I spent most of my entire day praying short prayers that God would give me His heart for the lost – for the hopeless, the compromising, and the hard of heart. I’d find myself wandering off track, and by these quick prayers I’d be suddenly thrust back on focus. This caused me to walk out my entire day in prayer. Surely this is what Paul meant by “pray without ceasing” (1 Thess. 5:17)? If it is, then this is not beyond our reach! It’s actually quite simple and revitalizing. A posture of prayer can be maintained throughout the day (whatever the day holds for us) because our Father desires that we never be without Him. It is by His grace, but He is not stingy to give us this grace – we must but ask, and it is ours freely. To be honest, today was the first full day where I have prayed continually, but knowing what I now know (that this isn’t something only available to but a few), I do not want another day to pass where I deviate from the posture of prayer. My inheritance is to be a house of prayer – a resting place for God – and so as I have been given this promise, and have today obtained it, I will embrace this as a lifestyle, obtaining it daily, that on that Day I may receive the promise in full. Jesus, give me a burden for the lost – that they too may obtain and receive this glorious promise!

White for Harvest

March 2, 2008

34 … “My food is to do the will of Him who sent Me, and to finish His work. 35 Do you not say, ‘There are still four months and then comes the harvest’? Behold, I say to you, lift up your eyes and look at the fields, for they are already white for harvest! 36 And he who reaps receives wages, and gathers fruit for eternal life, that both he who sows and he who reaps may rejoice together. 37 For in this the saying is true: ‘One sows and another reaps.’ I sent you to reap that for which you have not labored; others have labored, and you have entered into their labors.” (John 4:34-38).
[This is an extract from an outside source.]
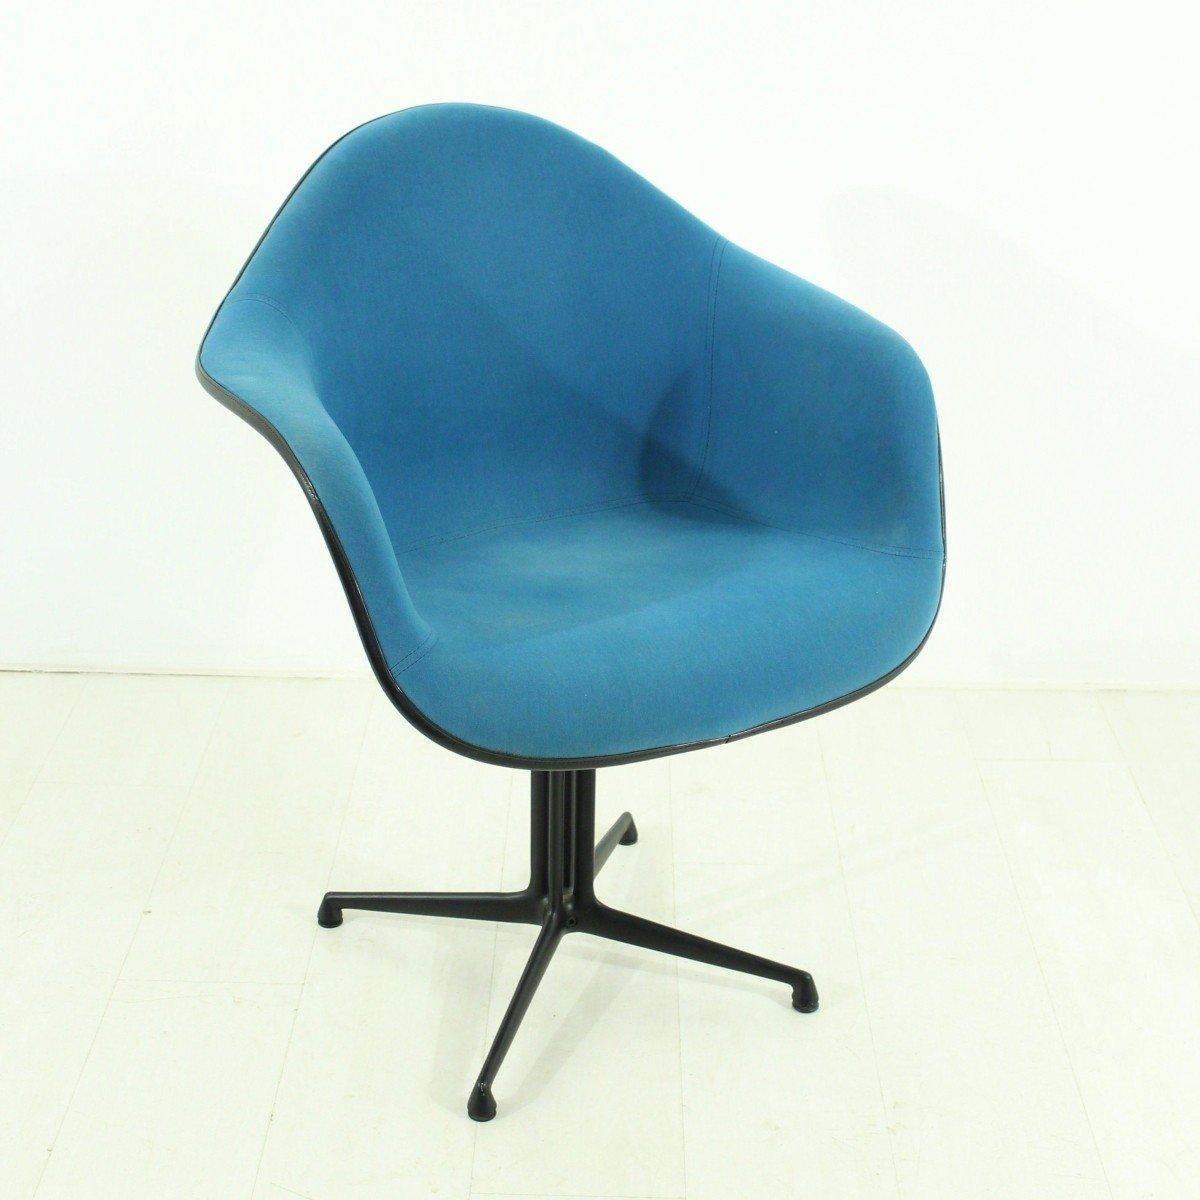 Chaise vintage bleue la fonda par charles ray eames pour for Vitra eames prix
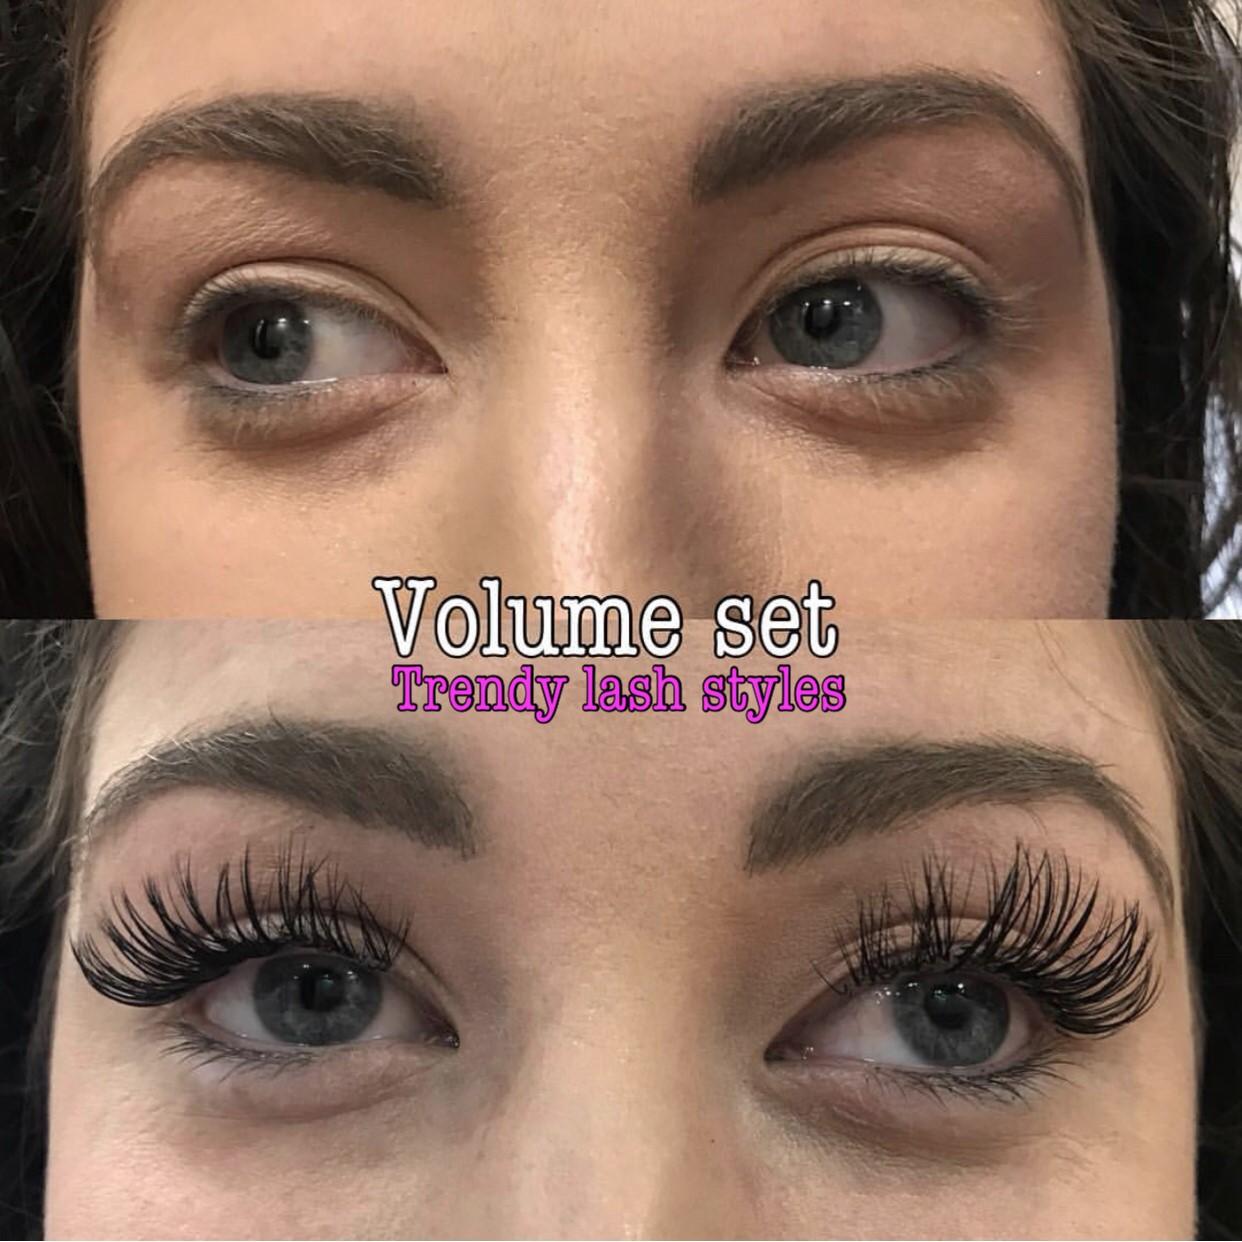 Volume Eyelas Extensions by Trendy Lash Styles - Eyelash ...

Here Jesus sows into one woman’s life, who then evangelizes to her entire city of the Christ (vv.28-29), and when the city stops everything and seeks Him (vv.30, 39), Jesus releases His disciples to bring in the lost and reap souls that they did not labor for. Do this at the St. Patrick’s Day outreach Father, in Jesus’ name! Let there be many waterpots left behind (v.28); forsaken, that they may draw from the deep well of the Spirit and never thirst again for anything less than living water.